SALINAS DE MARAS & MORAY, Sacred Valley, Peru

After Ollantaytambo, we headed back to Urubamba, the largest town in the Sacred Valley.  At Urubamba, we hired a taxi for the Salinas de Maras (Salt Pans of Maras) and Moray, the archaeological site Inca terraces.  The drive to the remote Salinas de Maras was full of breathtaking views of the Urupampa Mountain Range at the opposite side of the Urubamba Valley (Sacred Valley), including Mountain Ch’iqun at about 5,530m above sea level.

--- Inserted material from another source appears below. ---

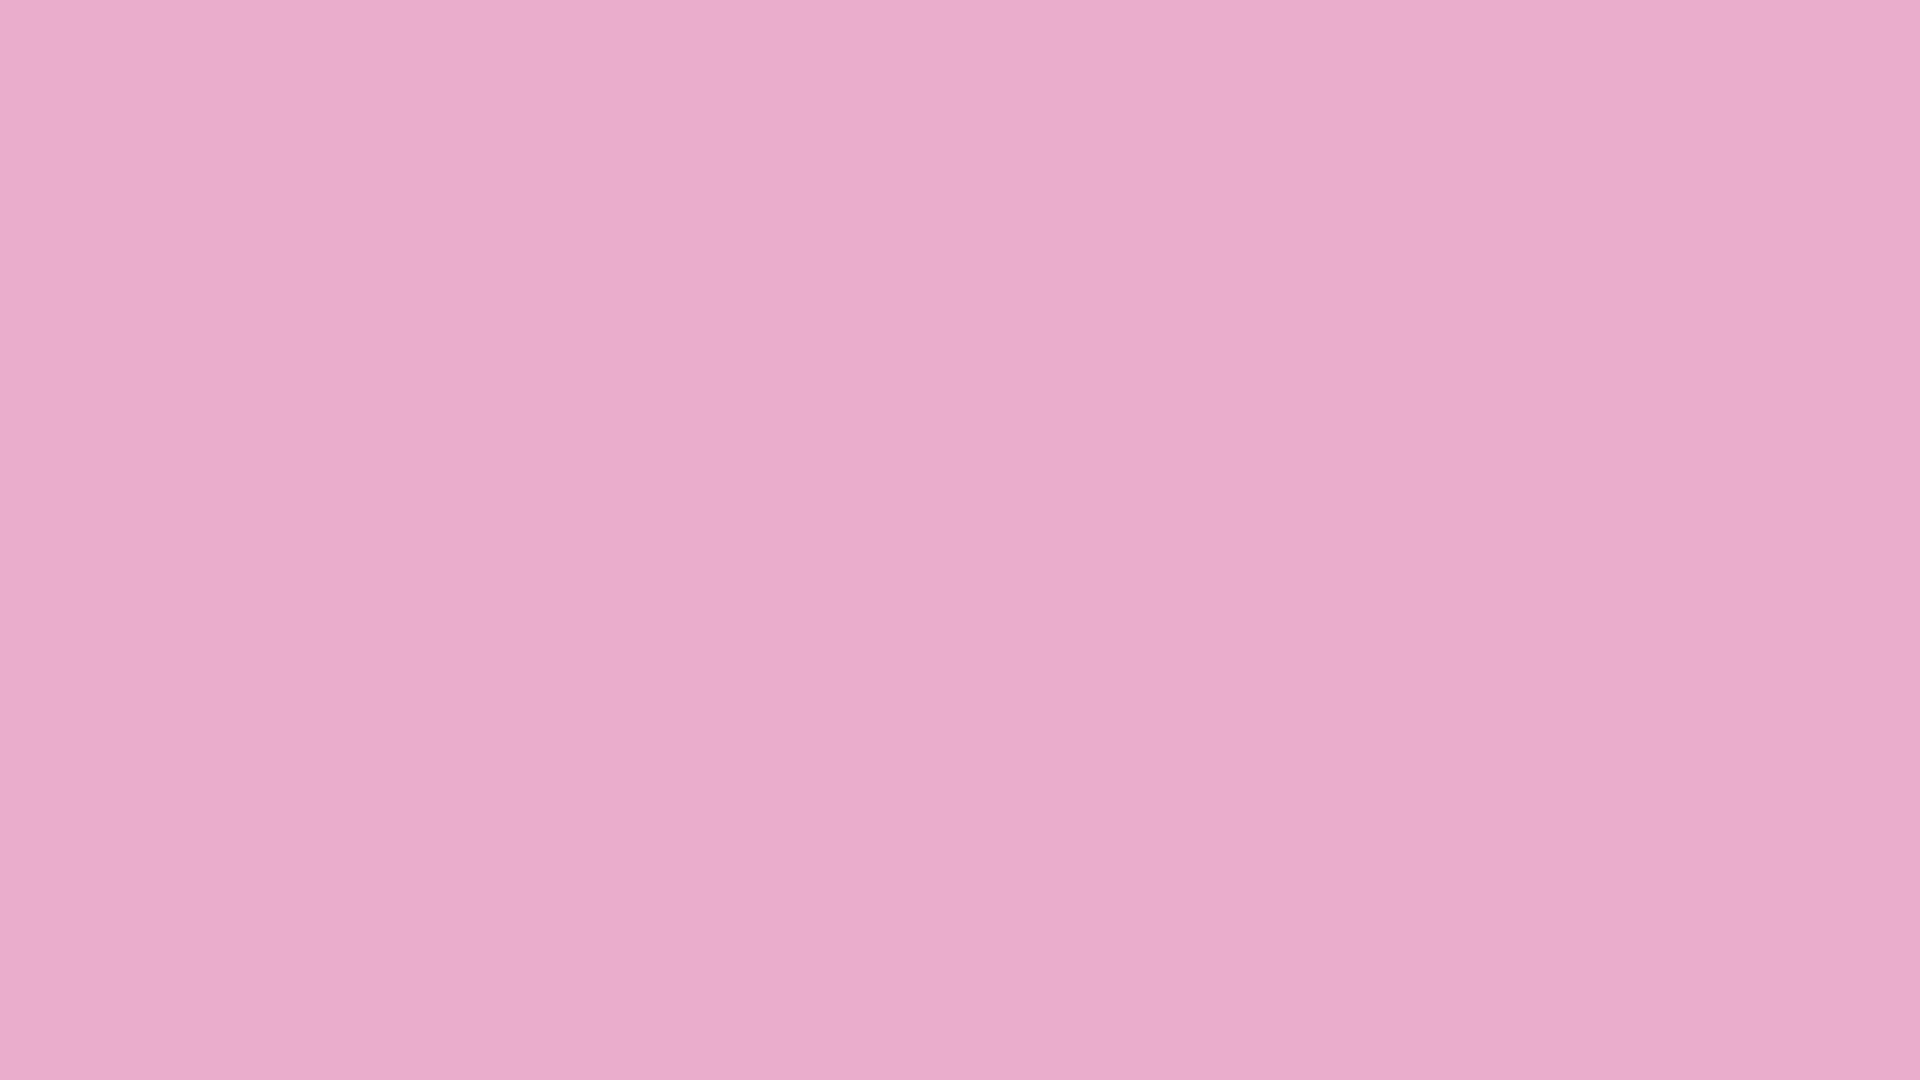 Solid Light Pink Desktop Wallpapers - Wallpaper Cave
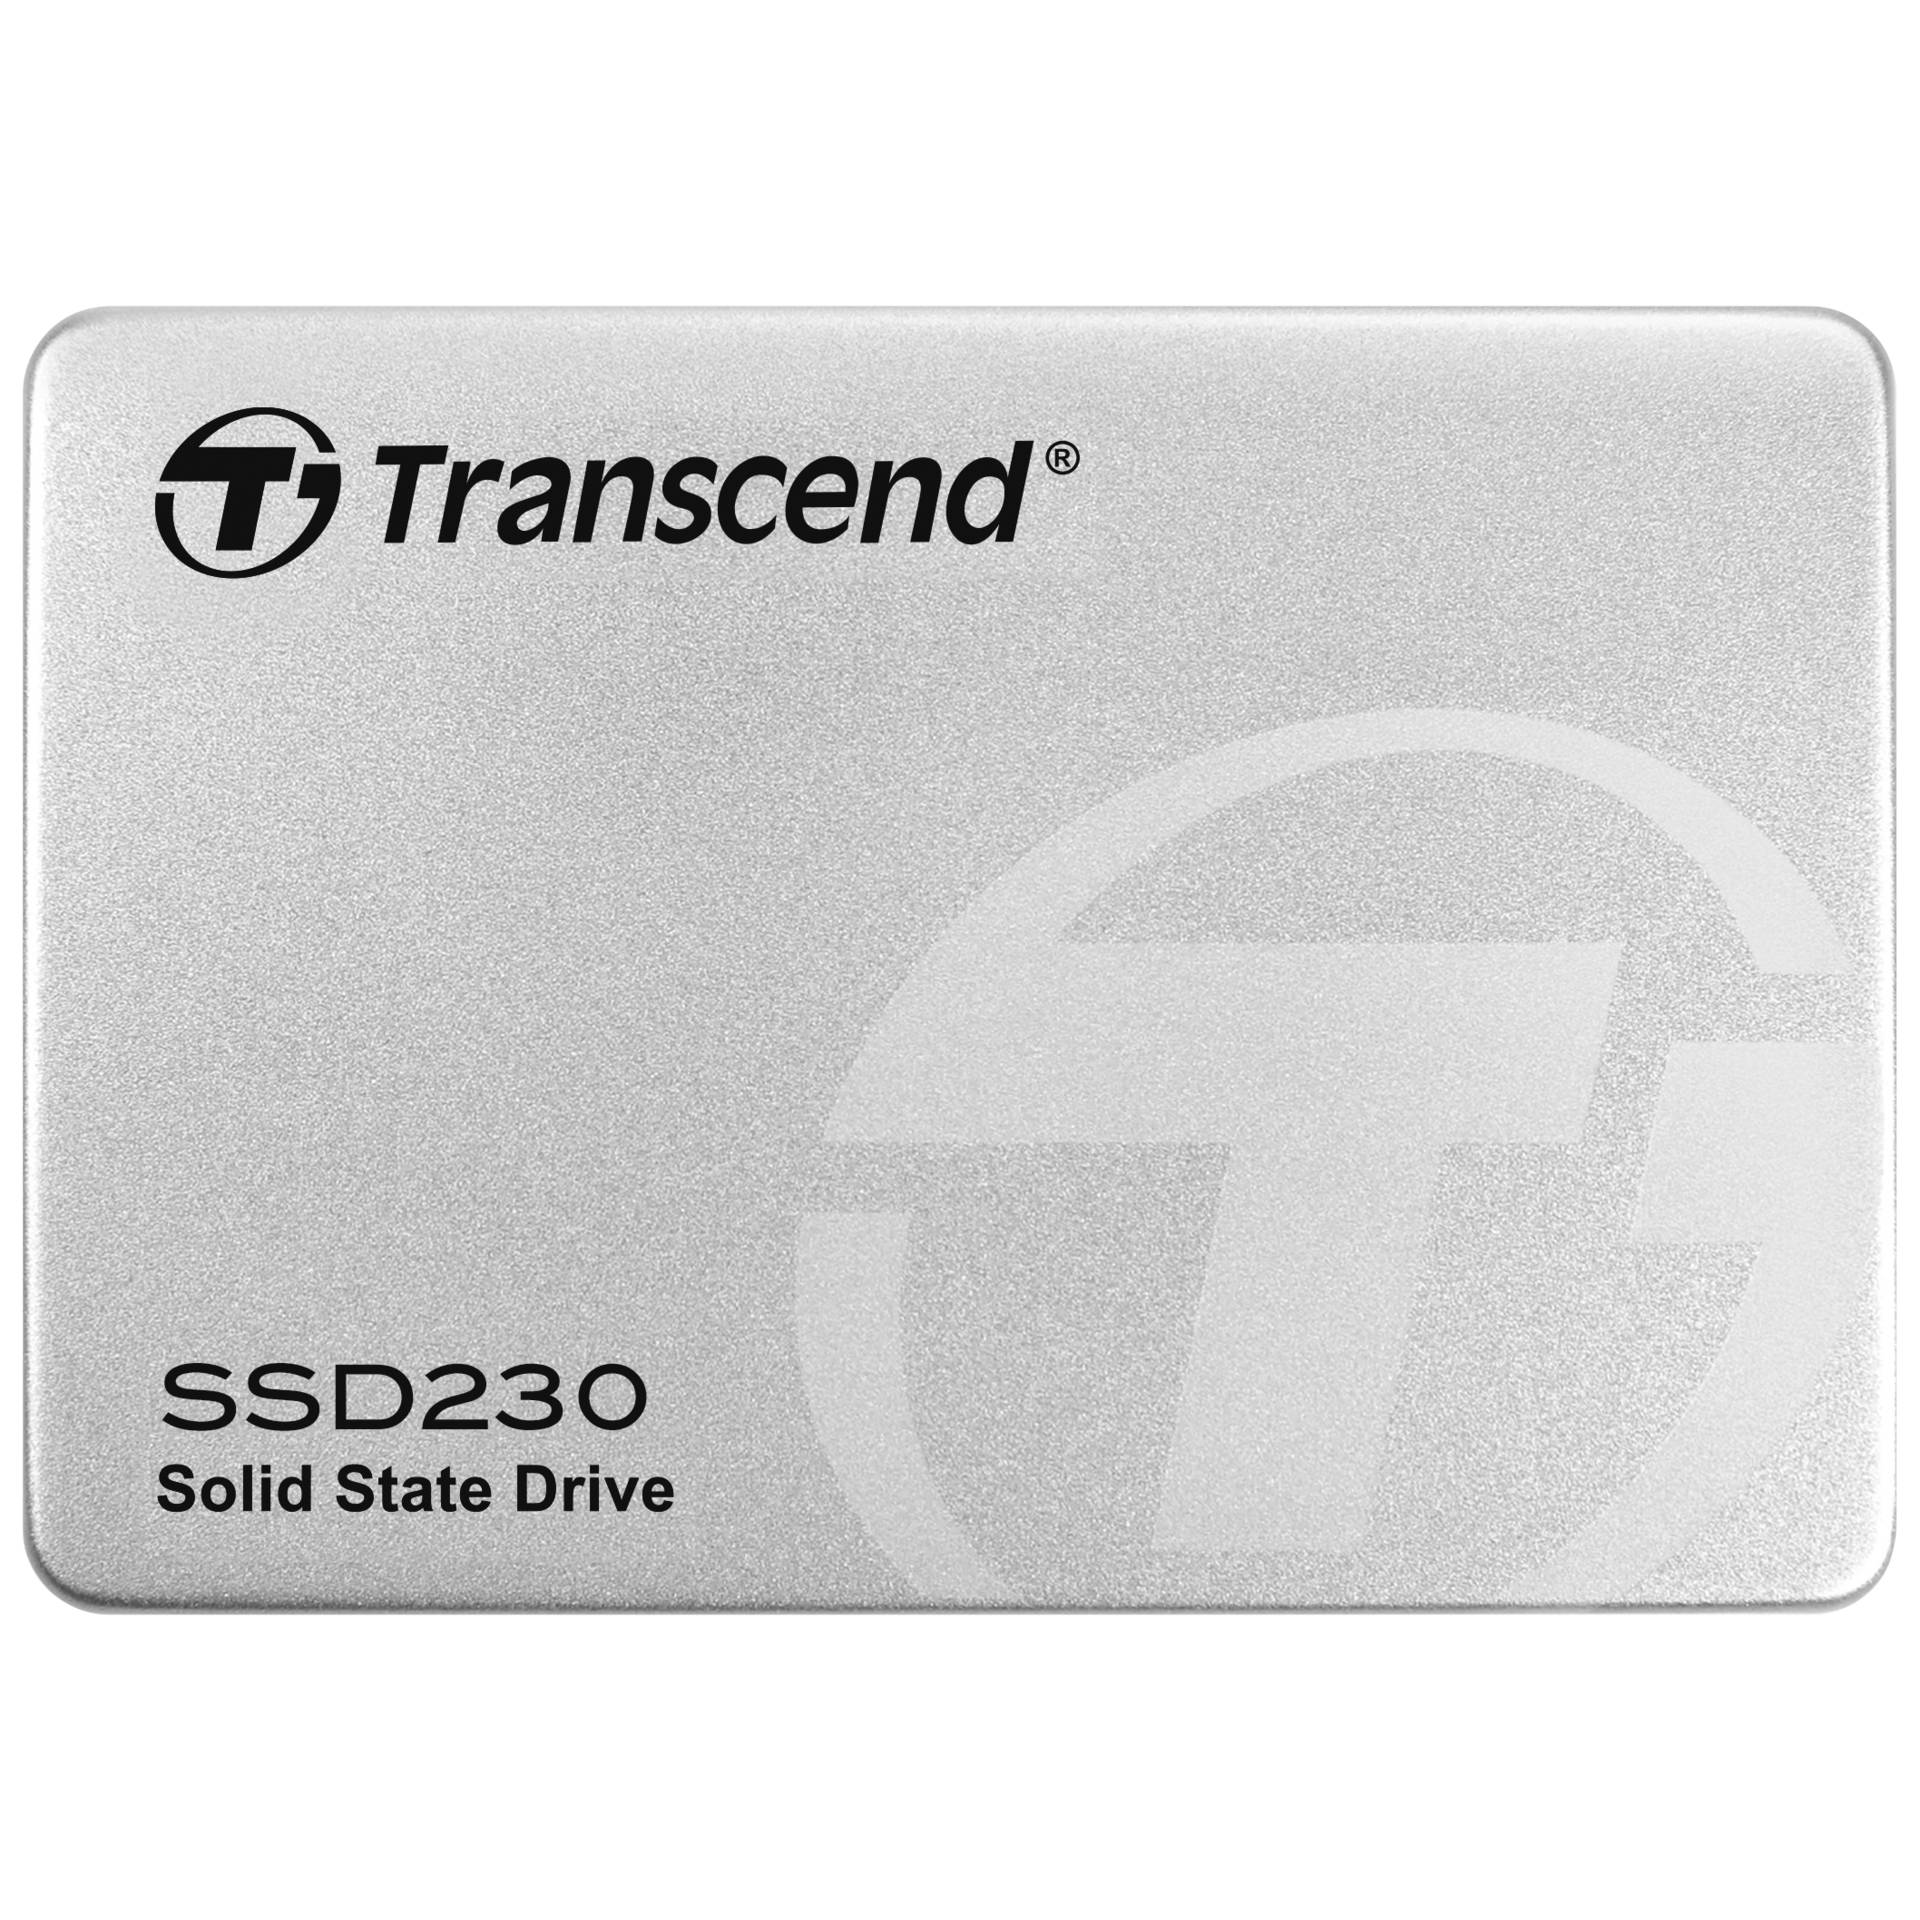 256 GB SSD Transcend SSD230S, SATA 6Gb/s, lesen: 560MB/s, schreiben: 500MB/s, TBW: 140TB

Salinas de Maras is a salt mine of roughly 3000 small pools along the hillside of a mountain.  Each pool yields about 150 kg of salt per month.  The pools are fed by a hotspring with a high concentration of sodium.  As the water evaporates, crystallized salts are left behind for harvest. This salt mine has been in operation since the ancient times.  Little has changed for the past hundreds of years.

After Salinas de Maras, our taxi driver drove us to the nearby Moray site, an Inca ruins of remarkable circular terraces. The purpose of Moray was unknown, but most archaeologists believe that the circular terraces of Moray were once an Inca outdoor testing lab for agricultural experiments to study the effects of different micro-climates and soil conditions on crops.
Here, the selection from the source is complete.